Affection for Squares with Steven Meyer-Rassow and the LC-A 120


UK-based Steven Meyer-Rassow has a natural affinity to the square format, which began as a child when he discovered his father's LP collection. Steven recently invested in the LC-A 120 and talked to us about his experiences with this camera and his love for shooting and processing film.

Hello Steven, please tell us a bit about yourself?

My name is Steven Meyer-Rassow and I'm a freelance graphic designer based just outside Oxford (UK), where I share a small house with my wife Jess, and our dog Clover. I use a fair bit of photography in my day job - mostly digital, and so it's nice to then spend time away from the computer by pursuing film photography and darkroom printing in my free time.

From your Instagram page, it's clear you are dedicated to film photography and you even process your own film. What's your developing setup like and why do you choose to develop yourself?

I enjoy the tactile qualities of film photography. When I started shooting film again a few years back (after spending a long time shooting exclusively digital) I found myself ever more enthralled with the whole process around film photography. Before long I knew I wanted to be able to adopt an entirely analogue workflow, from image capture all the way to print without the need for any computers. This, combined with time on my hands during lockdown last year when Covid first hit, meant I was able to set up a small darkroom in my shed, which I use for all my printing these days.

My darkshed doesn't currently have running water though, so film developing happens in our kitchen with a changing bag and Patterson developing tanks. Most of my photographic work is monochrome, but I do also develop the odd roll of C-41 at home. I actually really enjoy the developing process. It's nice to have an afternoon running some film through the developing tank whilst listening to music or a podcast. And then taking a hand-developed negative into the darkroom to produce a proper gelatin silver print still feels like magic to me.

You recently bought the LC-A 120, what was the initial appeal and how have you been getting on with this camera?

I have a strong affection for square images, which I attribute to looking at my dad's vinyl collection as a child. Seeing these large, often photographic covers on records by the Rolling Stones, Led Zeppelin, Black Sabbath and especially Pink Floyd was pivotal for me. It not only informed my desire to study graphic design later in life but made me fall in love with the square format. This, along with the superb image quality that 120 film offers over 35mm means I was on the hunt for a small, light, medium format square camera (preferably with a glass lens) and before long I decided that the Lomo LC-A 120 fit the bill perfectly, which it certainly does! The simple design of the camera makes it a joy to shoot with - basically, a zone focusing point-and-shoot. The wide-angle on the 38mm f/4.5 Minigon lens was initially a tad wider than I was used to, but it's been surprisingly easy to adapt to and now I almost miss it when shooting with other cameras. I was also pleasantly surprised by how well it handles distortion towards the outer edges of the frame. For a medium format lens this wide, vertical and horizontal lines stay surprisingly straight!

Tell us about these photos, what did you choose to shoot?

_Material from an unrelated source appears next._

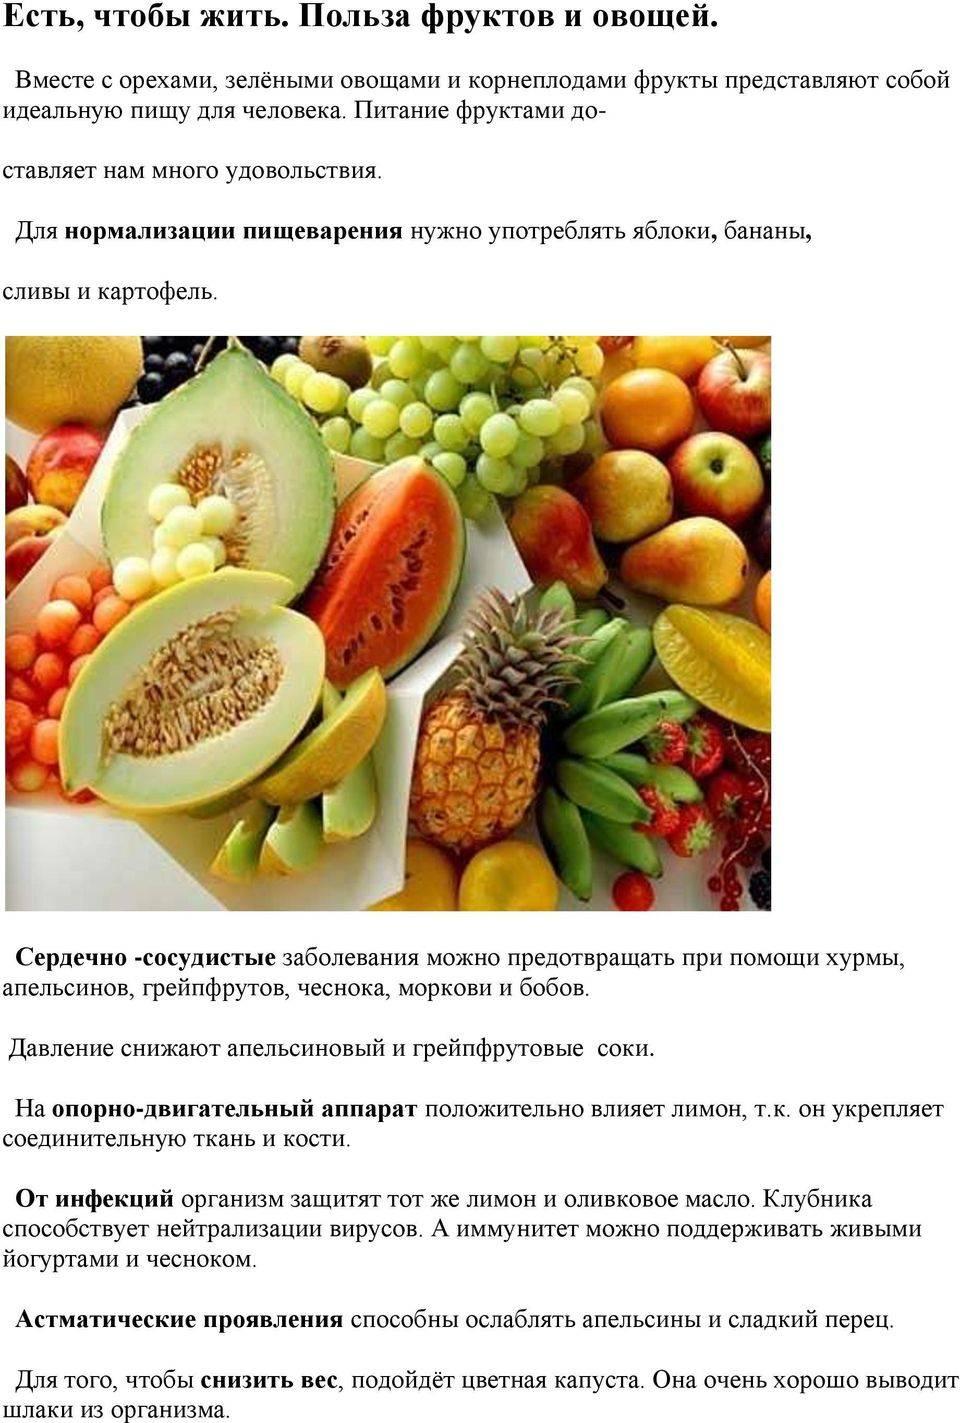 Рацион фруктов и ягод при диабете

Over the last few years I've been gravitating towards black & white photography, and the Lomo LC-A 120 has been a great travel camera so a lot of the images here are simply shots from holidays or dedicated photography trips around the UK. Of course, with a global pandemic, it's not always been easy this last year to get out on these photography trips, but hopefully, that will be changing soon and I'm looking forward to taking the camera on more adventures. Subjects that usually catch my eye are centered around a strong sense of composition and symmetry. More often than not I'm by myself when I take these pictures and so I'd like to think that there's a celebration of solitude in these images.

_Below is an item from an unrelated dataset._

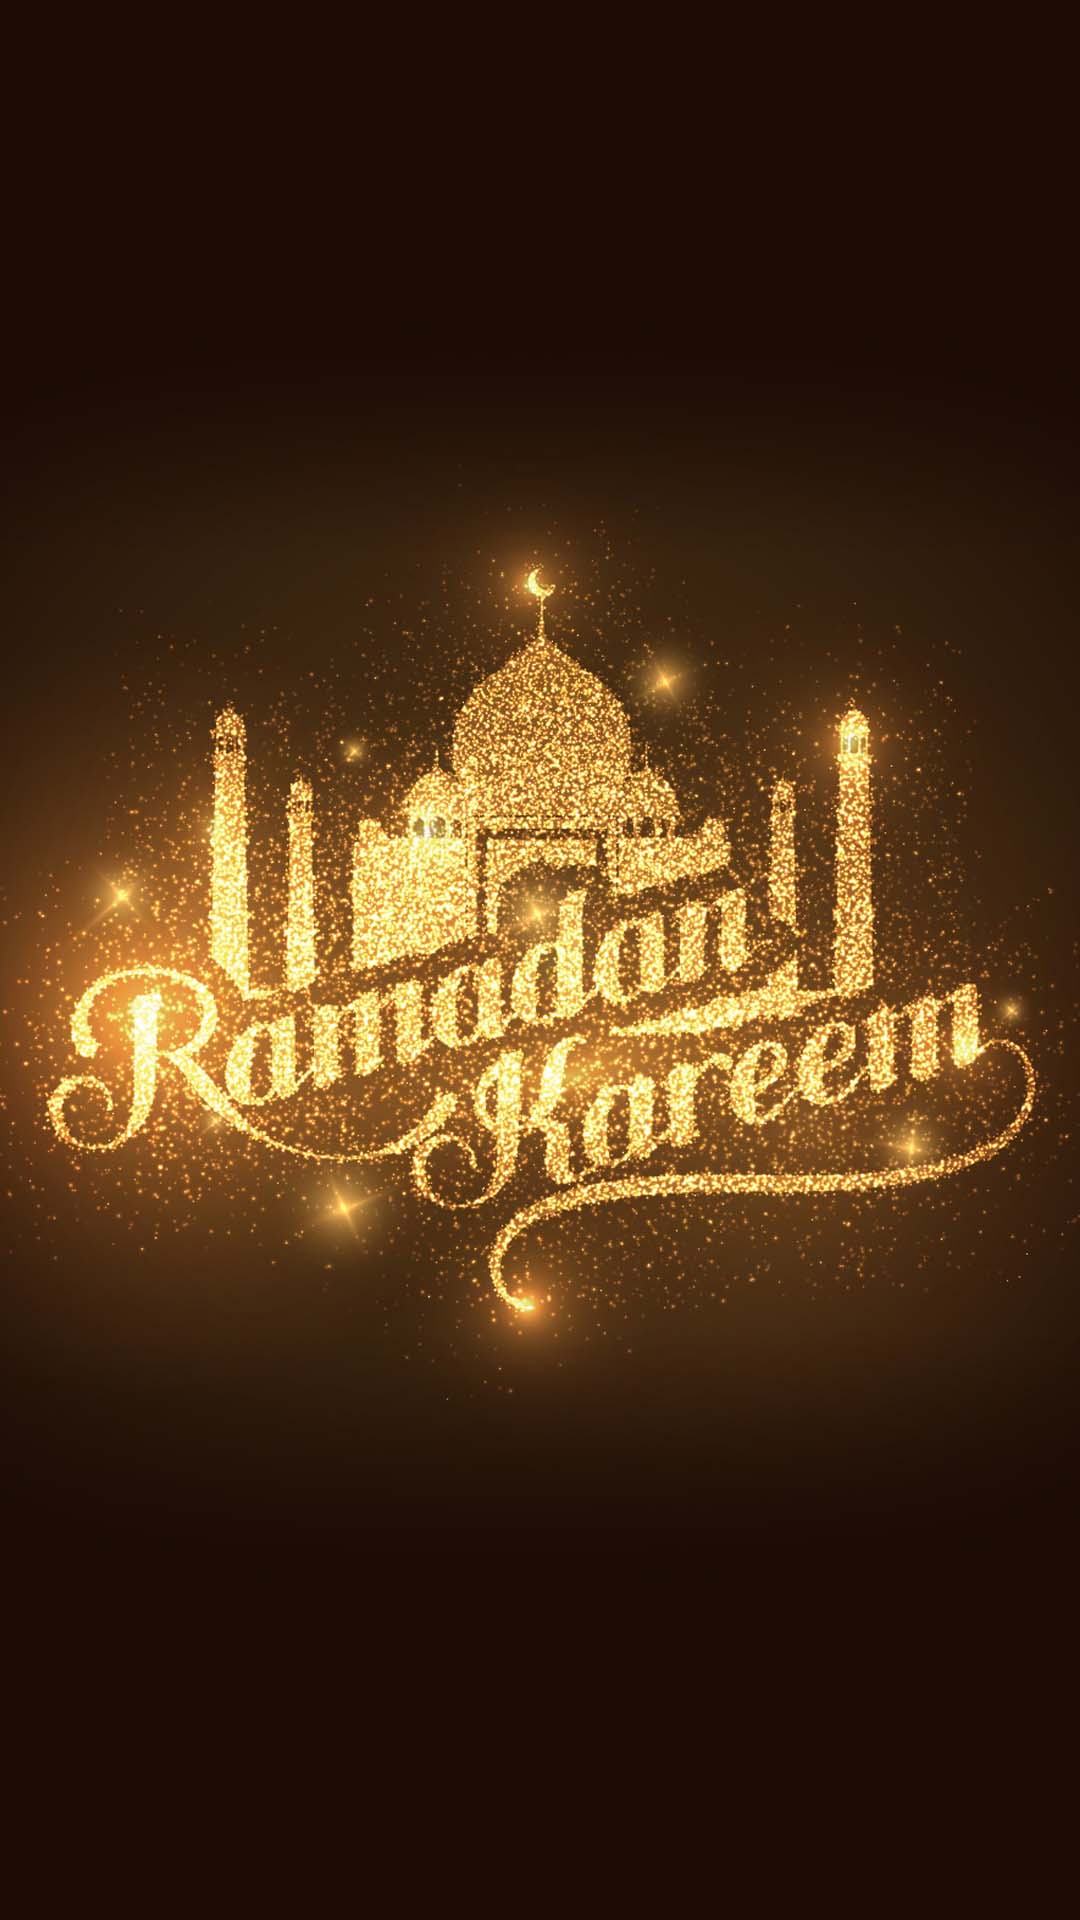 خلفيات موبايل رمضان كريم Mobile Wallpapers HD 17 خلفيات موبايل رمضان كريم Mobile Wallpapers HD

Do you have any advice/tips for people shooting with this camera?

Given its compact size and weight, there's really no reason not to carry this camera pretty much wherever one goes. If you like shooting 6x6 medium format photography, along with a wide field of view and don't always fancy carrying heavier TLR's or modular cameras, definitely give the Lomo LC-A 120 a try - I did and fell in love! As far as tips are concerned: Make sure you change the ISO wheel on the front of the camera when putting in different films rated at different speeds... I've managed to over and underexpose the odd roll of film by leaving the wheel untouched when putting in a new roll of film. Also, the wide-angle lens means there's a fair bit of vignetting on the images produced with the camera. It's a look I really like myself, but it does mean that subjects tend to look best when placed in the center of the frame, so something to consider when composing your shots.

To see more of Steven's work, follow his Instagram page. .

2021-10-18 #news #people

One Comment

  1. gergelyhando
    gergelyhando ·

    Thanks for sharing this article!
    I started to learn photography on a Zenit-C film camera when I was 8 or 9. Then after a few rolls I just stopped to take photographs. I don’t know why. After than the end of the 90s started again with digital.
    Now my photographs 98% are made on 35mm film. And all at once a bang: I just found my Diana F+ a few weeks ago, so I started to shot on medium format. So what I want to say?
    My love into film photography after the “meet again the Diana” comes deeper, and this article and the photos inspired me very well! May I’ll buy a glass lens for my Diana, couse I have no money for the LC-A now.
    Again. Thanks for this great interview and I wish good lights to Steven!